Health-related quality of life
Cancer survivors
Older adults
Middle aged

INTRODUCTION

Cancer is primarily a disease of aging, with a majority of cancer diagnoses and deaths occurring in adults over the age of 65.[1] Today, 62% of cancer survivors in the U.S. are age 65 years or older. In just 20 years, this proportion will climb to 73%, and older adult cancer survivors will number over 19 million.[2] This growth in the older adult cancer survivor population warrants further inquiry into the impact of cancer on older adults’ health outcomes.

Cancer frequently brings about chronic pain, fatigue, and decreases in performing occupational activities.[3-6] For instance, individuals diagnosed with prostate cancer have cited complications with sexual functioning; and those with colorectal cancer have reported struggling with bowel and urinary incontinence.[3,6,7] Cancer survivors also report increased anxiety, depression, and intense fears about cancer recurrence.[5,8-10] These health challenges may be further exacerbated in older adults, who must also contend with many age-related health problems, such as declines in sensory function, restrictions in physical mobility, and increases in chronic disease development.[11-15] Despite these reports, little is known about older adult cancer survivors’ health-related quality of life (HRQOL) and how this might compare with the HRQOL of cancer survivors who are in middle age (45–64 years old).

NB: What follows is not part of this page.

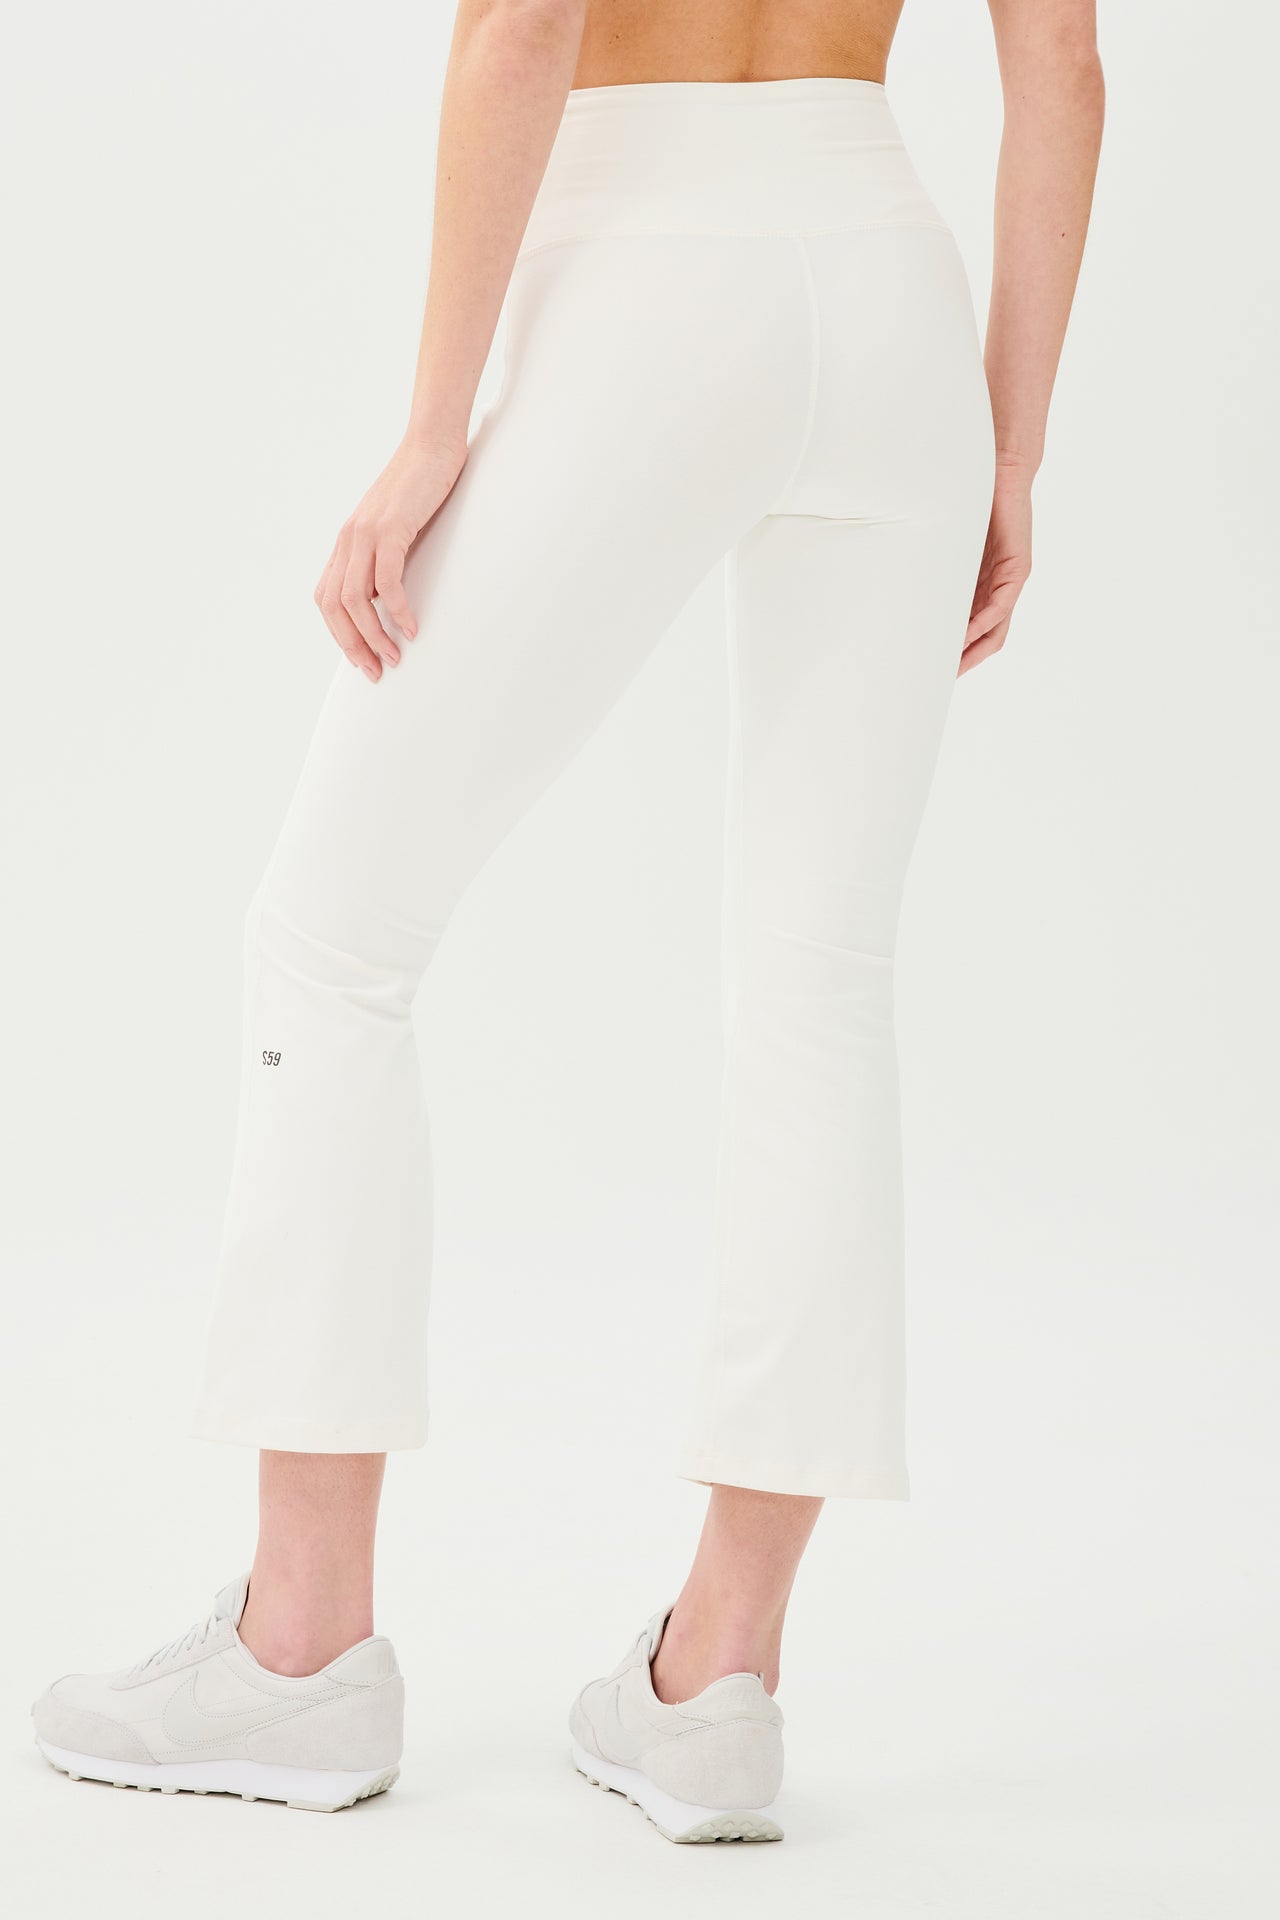 The back view of a woman wearing SPLITS59 Raquel High Waist Crop - White yoga pants with 4-way stretch.

HRQOL is a subjective assessment of the impact of a disease on an individual’s quality of life, particularly the extent to which the disease interferes with one’s physical and mental functioning.[16] It is an important endpoint in clinical cancer care and provides the medical team with a meaningful comparison of a patient’s well-being in relation to the non-cancer population.[17,18] Existing research on the effect of age on HRQOL outcomes in older cancer survivors has reported mixed findings. For instance, while some studies reported that older adult cancer survivors had a higher risk of psychological distress than middle-aged survivors,[19,20] other studies have reported the opposite or no relationship between age group and psychological distress.[21-25] One difficulty with understanding how age impacts HRQOL in cancer survivors is that a vast majority of HRQOL studies focus on breast or prostate cancer survivors, which are highly treatable.[26] In addition, many HRQOL studies are drawn from convenience samples, such as a particular hospital or survivor support group, and are not representative of the population.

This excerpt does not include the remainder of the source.